- Task instructions
What you return must be the data below, word for word, without any images.

- Recorded information
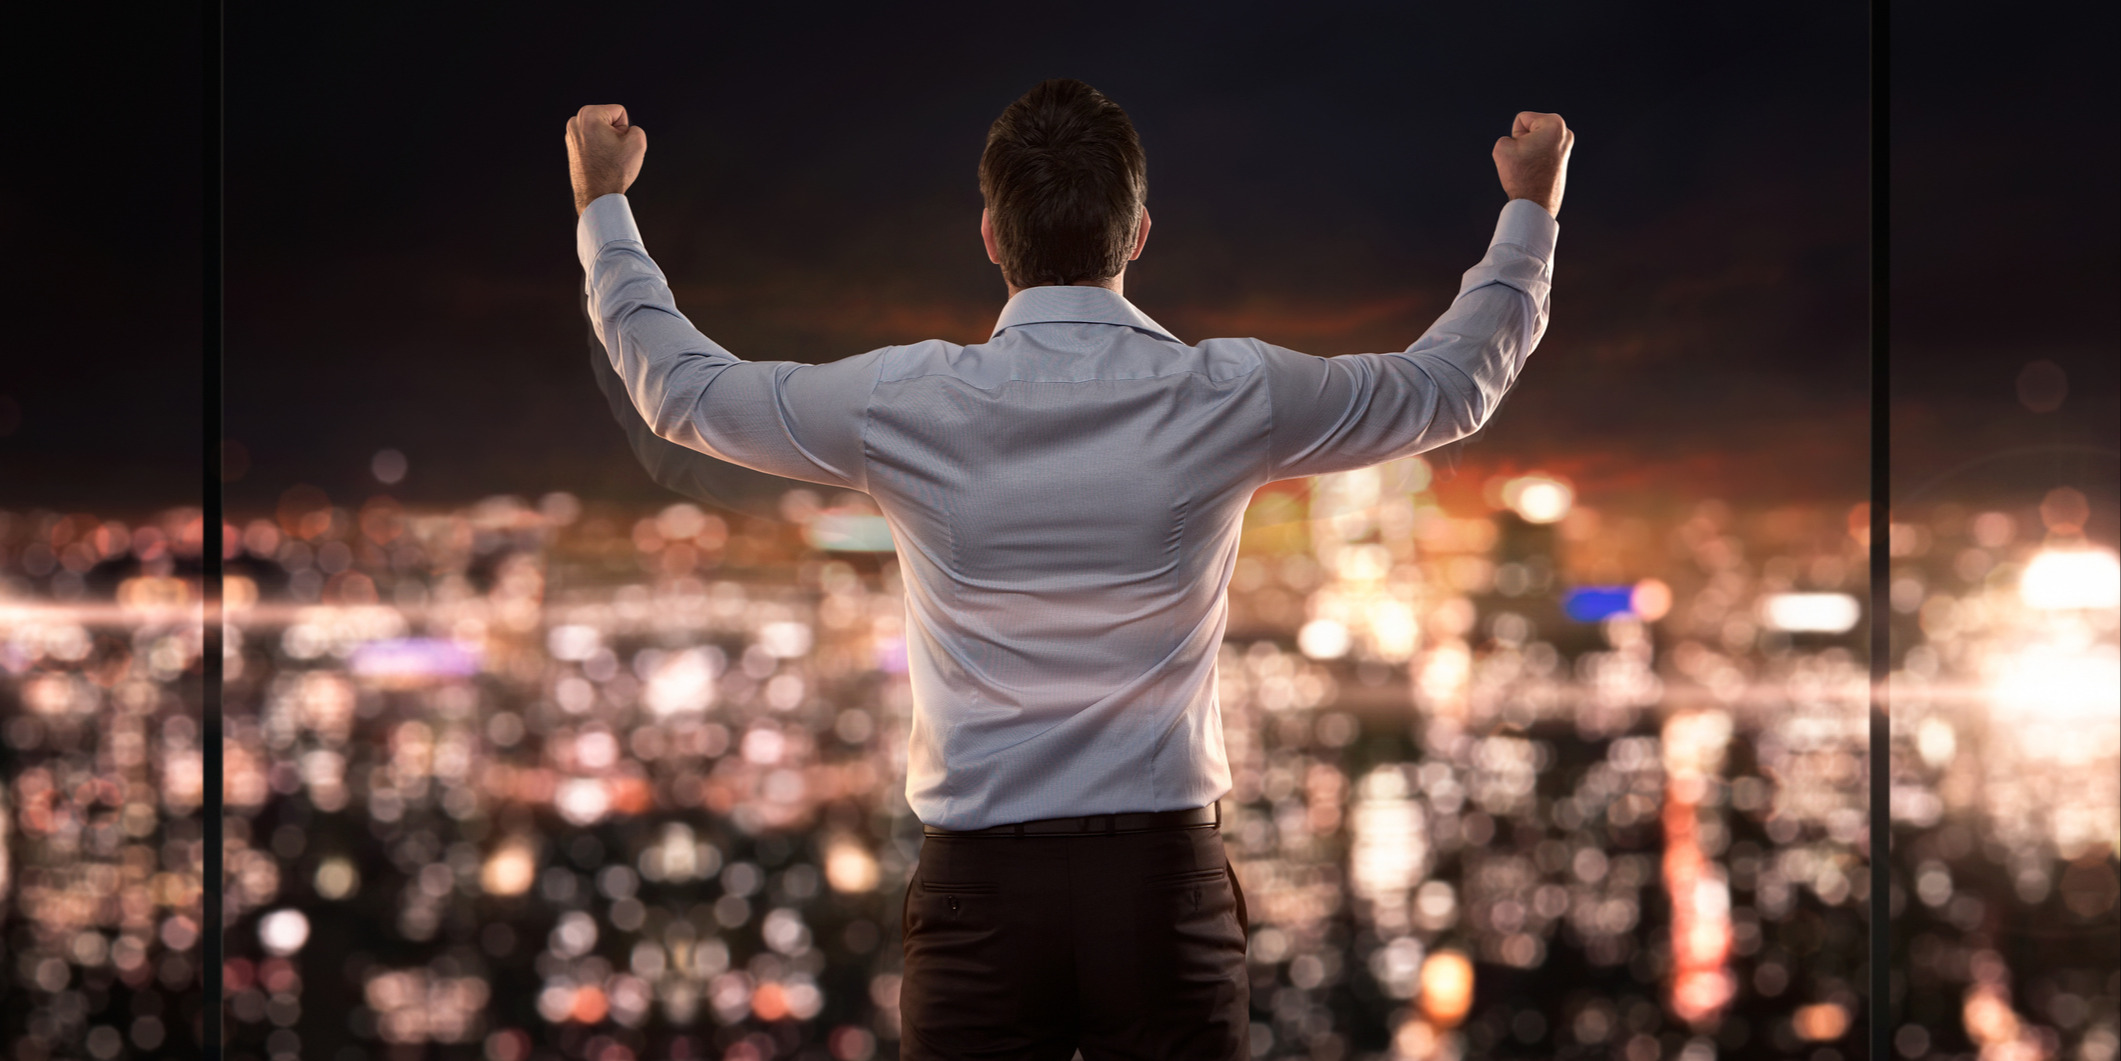 20 Motivational Videos for Your Sales Team
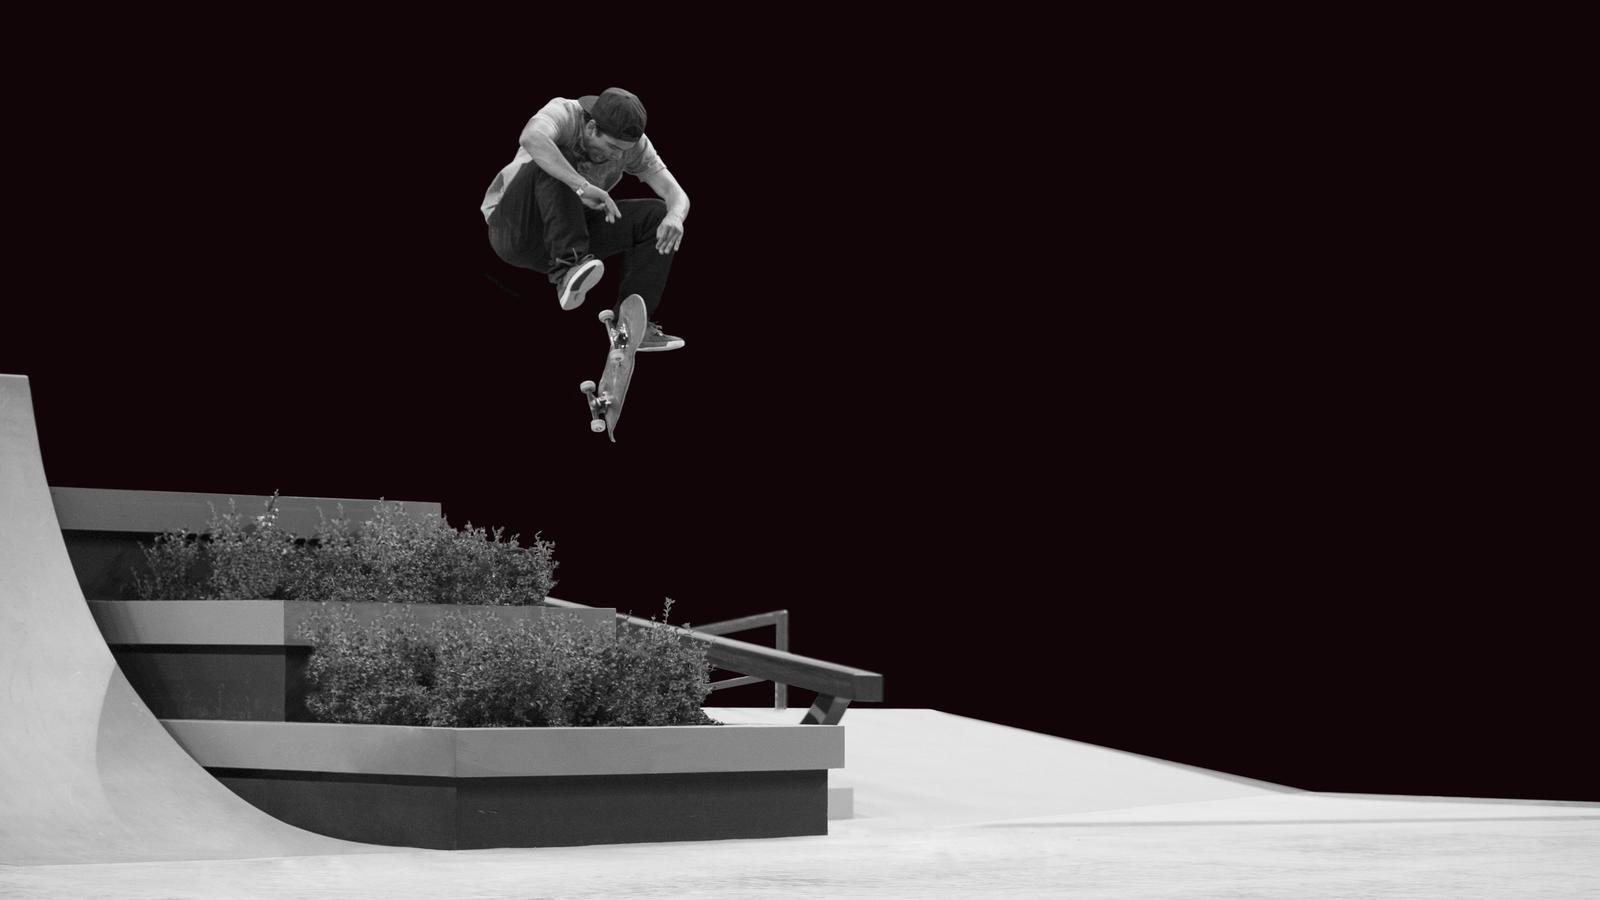 Four Nike SB Riders to Battle it Out at SLS Nike SB World Tour
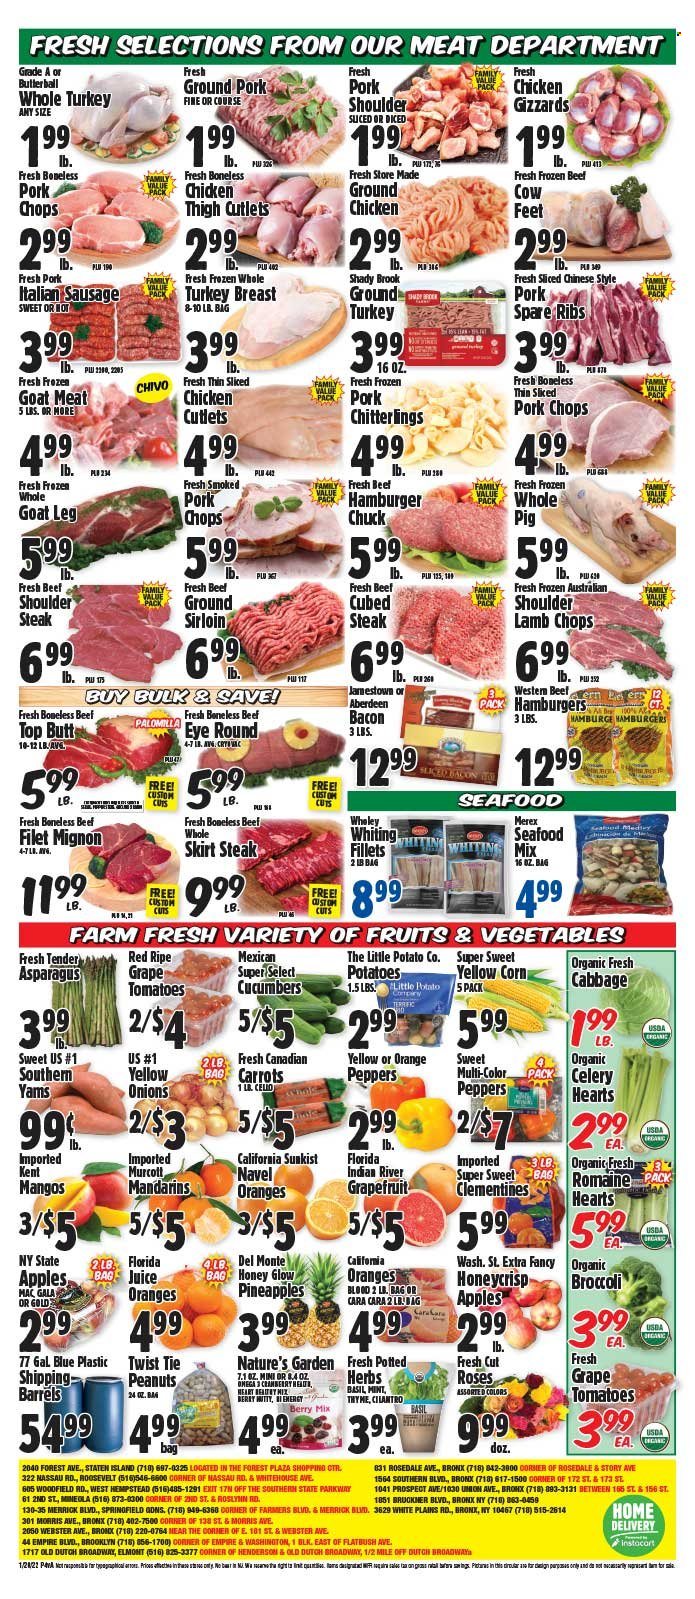 thumbnail - Western Beef Flyer - 01/20/2022 - 01/26/2022 - Sales products - asparagus, broccoli, cabbage, carrots, celery, corn, cucumber, potatoes, onion, peppers, Gala, grapefruits, mandarines, pineapple, Butterball, ground chicken, ground turkey, turkey breast, whole turkey, chicken breasts, chicken cutlets, chicken gizzards, chicken, turkey, boneless chicken thighs, beef meat, ground beef, steak, beef tenderloin, eye of round, ribs, ground pork, hamburger, pork chops, pork meat, pork ribs, pork shoulder, pork spare ribs, lamb chops, goat meat, seafood, whiting fillets, whiting, bacon, sausage, italian sausage, Del Monte, canned sweet potatoes, cilantro, basil, mint, thyme, peanuts, juice, beer, Omega-3, clementines, navel oranges. Page 4.

- Task solution
 20 Motivational Videos for Your Sales Team
 Four Nike SB Riders to Battle it Out at SLS Nike SB World Tour
 thumbnail - Western Beef Flyer - 01/20/2022 - 01/26/2022 - Sales products - asparagus, broccoli, cabbage, carrots, celery, corn, cucumber, potatoes, onion, peppers, Gala, grapefruits, mandarines, pineapple, Butterball, ground chicken, ground turkey, turkey breast, whole turkey, chicken breasts, chicken cutlets, chicken gizzards, chicken, turkey, boneless chicken thighs, beef meat, ground beef, steak, beef tenderloin, eye of round, ribs, ground pork, hamburger, pork chops, pork meat, pork ribs, pork shoulder, pork spare ribs, lamb chops, goat meat, seafood, whiting fillets, whiting, bacon, sausage, italian sausage, Del Monte, canned sweet potatoes, cilantro, basil, mint, thyme, peanuts, juice, beer, Omega-3, clementines, navel oranges. Page 4.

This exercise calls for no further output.